Проект Sentry позволяет сохранять каждую ошибку пользователя с текстом исключения, полным стектрейсом исключения и значениями всех локальных переменных в каждой из функций стектрейса, а так же много другой информации: окружение пользователя (браузер, ОС), все заголовки запроса и вообще всё, что пожелает разработчик.
Одинаковые ошибки группируются, таким образом можно наблюдать за «пульсом» проекта и чинить в первую очередь самые критичные места. Ещё один пример использования sentry — логгирование.
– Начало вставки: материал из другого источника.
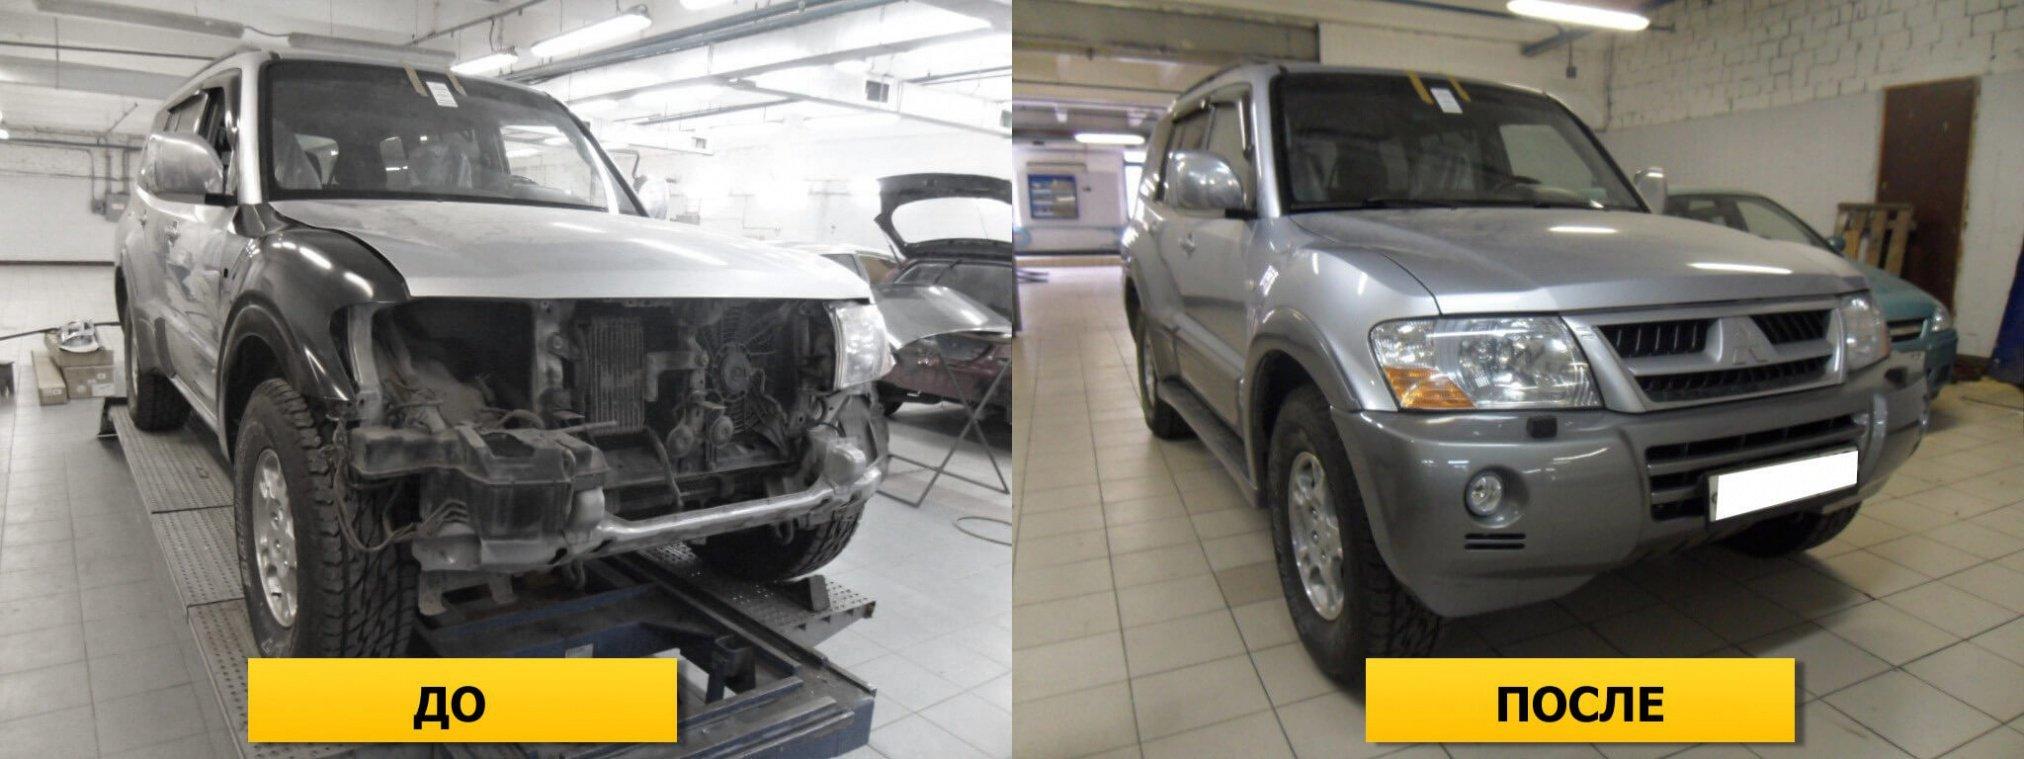 Фото пример авто до и после ремонта передней части
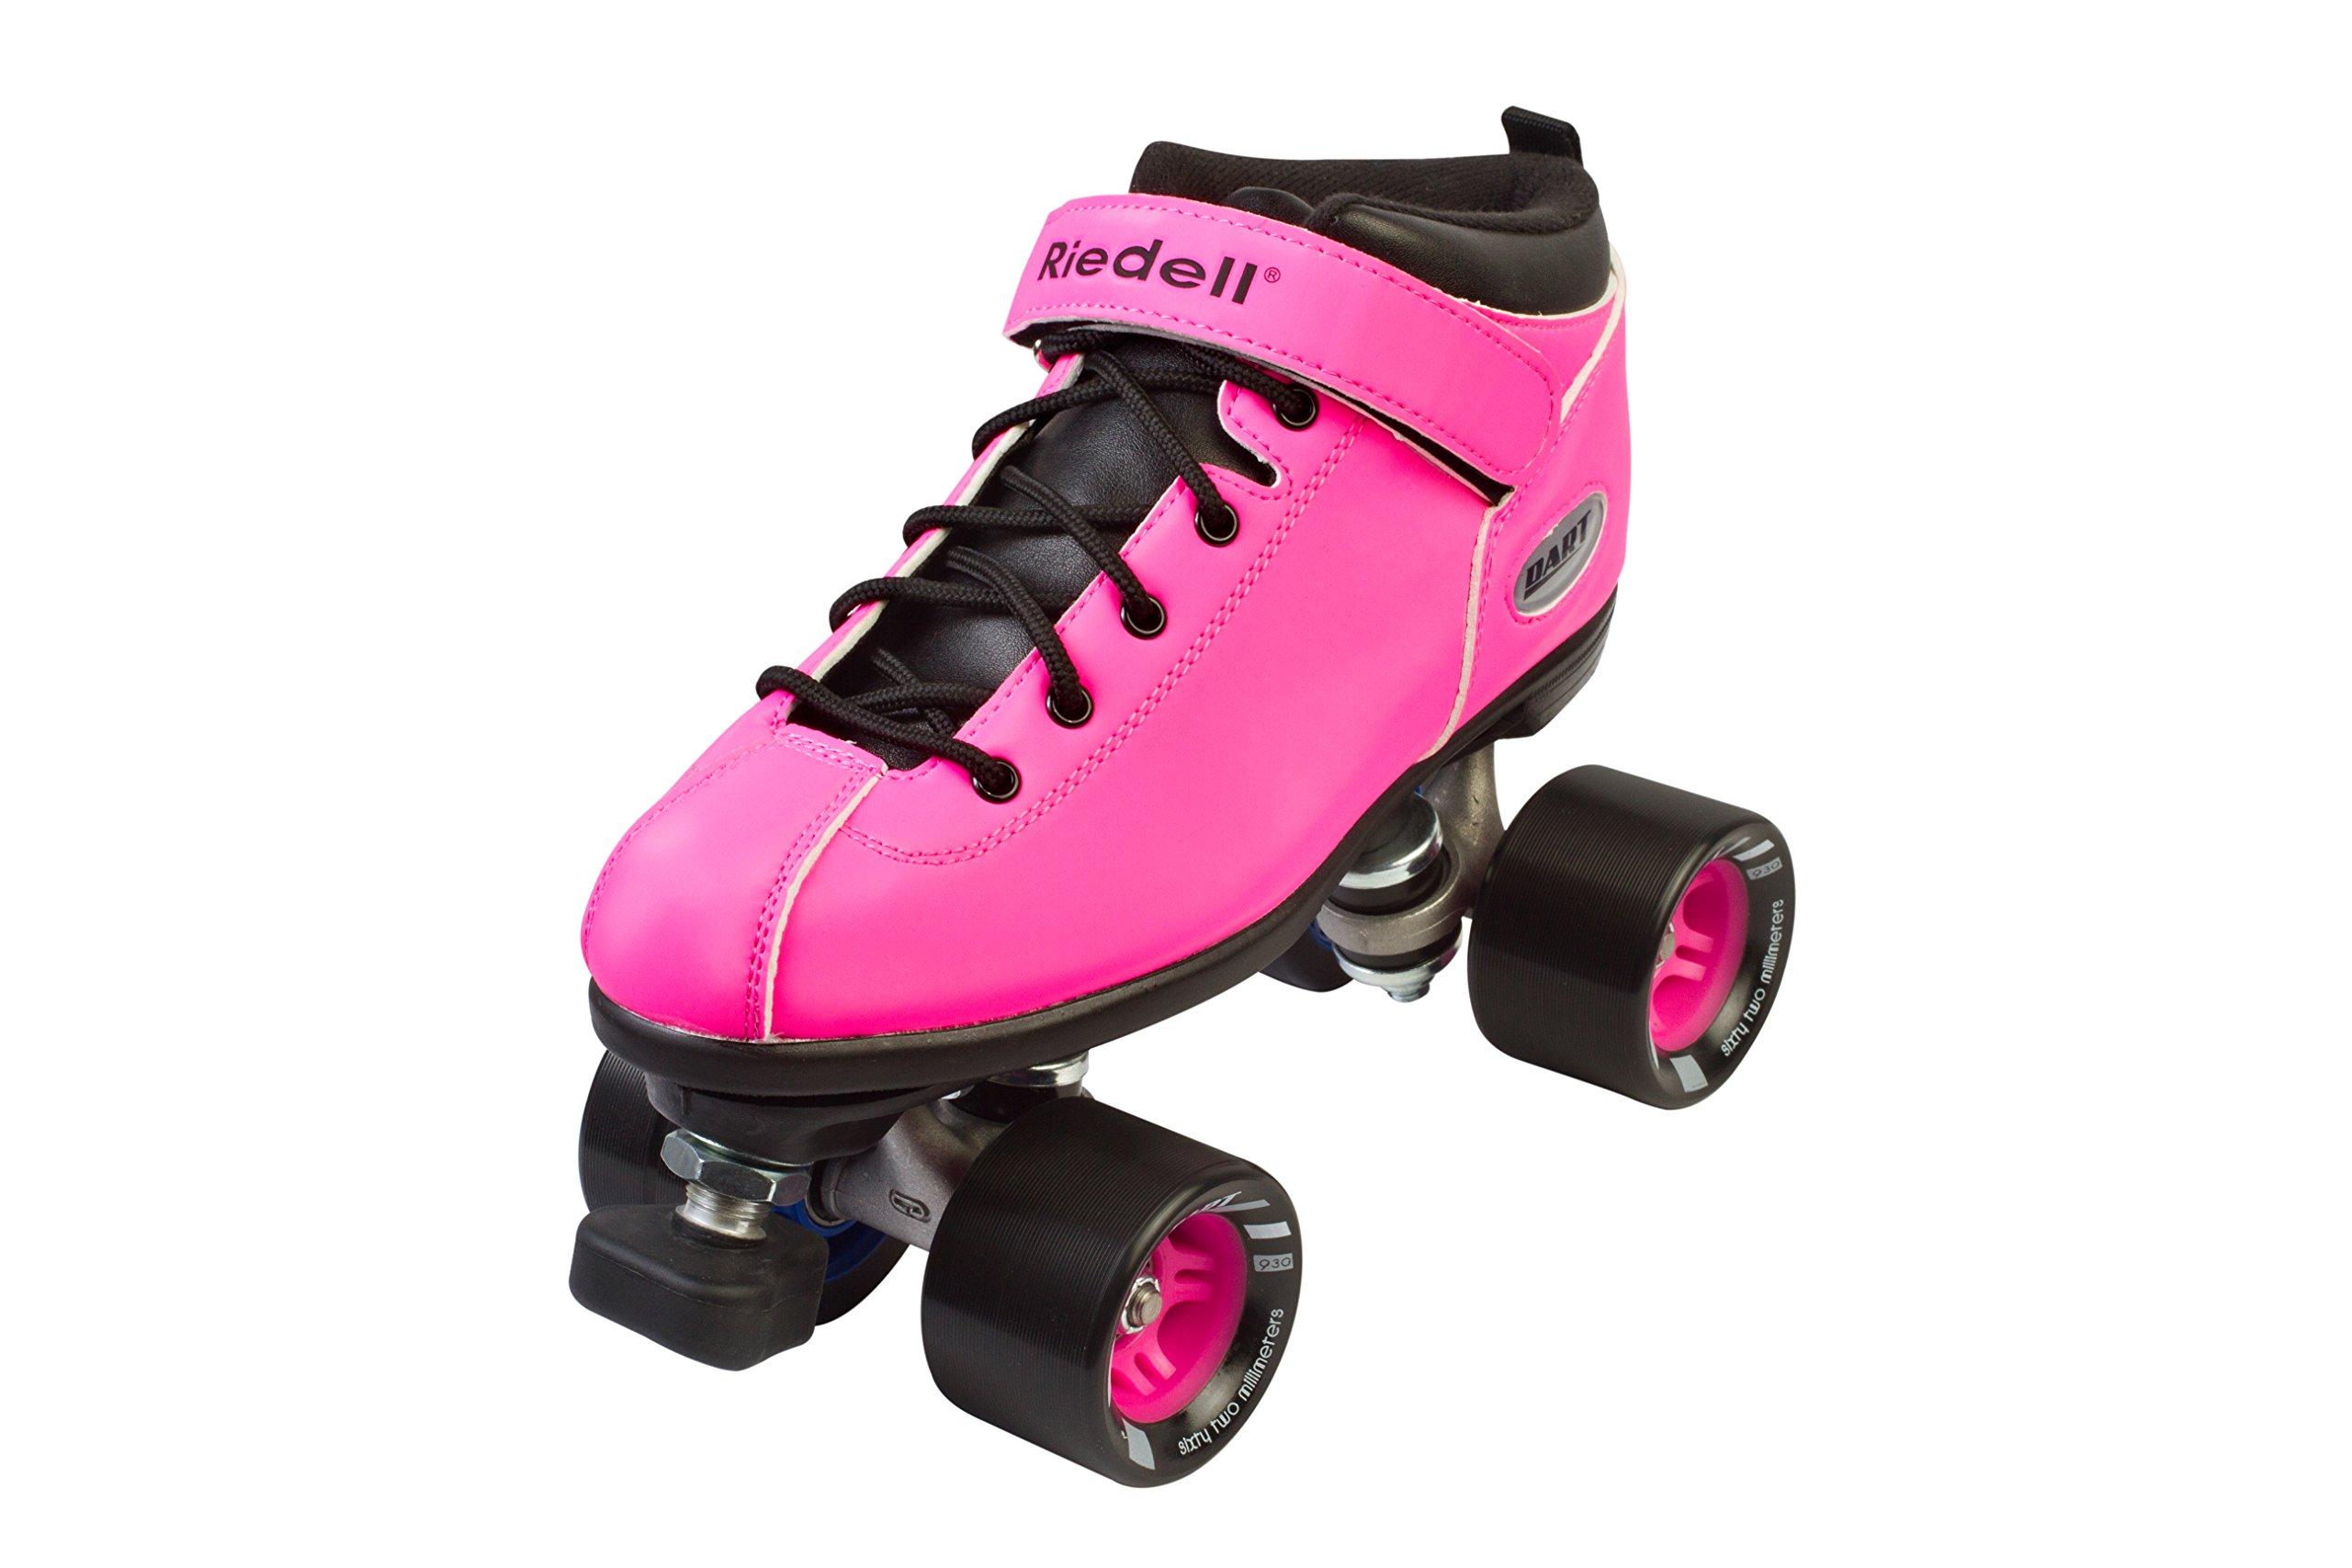 Riedell Roller Dart (Pink, 9 Medium)

Можно просто добавить в спорное место запись в лог сообщения с любыми интересующими разработчика переменными, и всё это окажется в sentry.
Но самый большой плюс в том, что всё это можно (и нужно!) использовать в продакшене.
Ещё один интересный отладчик: PuDB представляет собой консольный дебагер с графическим интерфейсом:
Не буду много о нём писать (честно говоря, я сам активно им не пользовался), предлагаю прочитать короткую заметка на хабре: Удобный отладчик для Python/Django проектов от пользователя int22h или более полный обзор: Отладка Python/Django при помощи PuDB.
Winpdb
Standalone отладчик Python, на этот раз с полноценным графическим интерфейсом: Winpdb:
Его разработчики утверждают, что winpdb в 20 раз быстрее pdb, а так же поддерживает работу с тредами. Очень большой и подробный туториал можно найти на этой странице: code.google.com/p/winpdb/wiki/DebuggingTutorial.
Отдельного слова заслуживают универсальные «комбайны» программирования: IDE, которые позволяют не выходя из редактора запустить код, отпрофилировать его или запустить встроенный отладчик. Я, пожалуй, выделю несколько продуктов, предназначенных для разработки на Python: PyCharm, PyDev, Wing IDE и PTVS.
Если честно, я не вижу особого смысла рассматривать каждую из этих IDE, достаточно знать что они есть, что они успешно справляются со своими задачами и вы можете использовать встроенный отладчик прямо из редактора, — это действительно удобно, круто и здорово.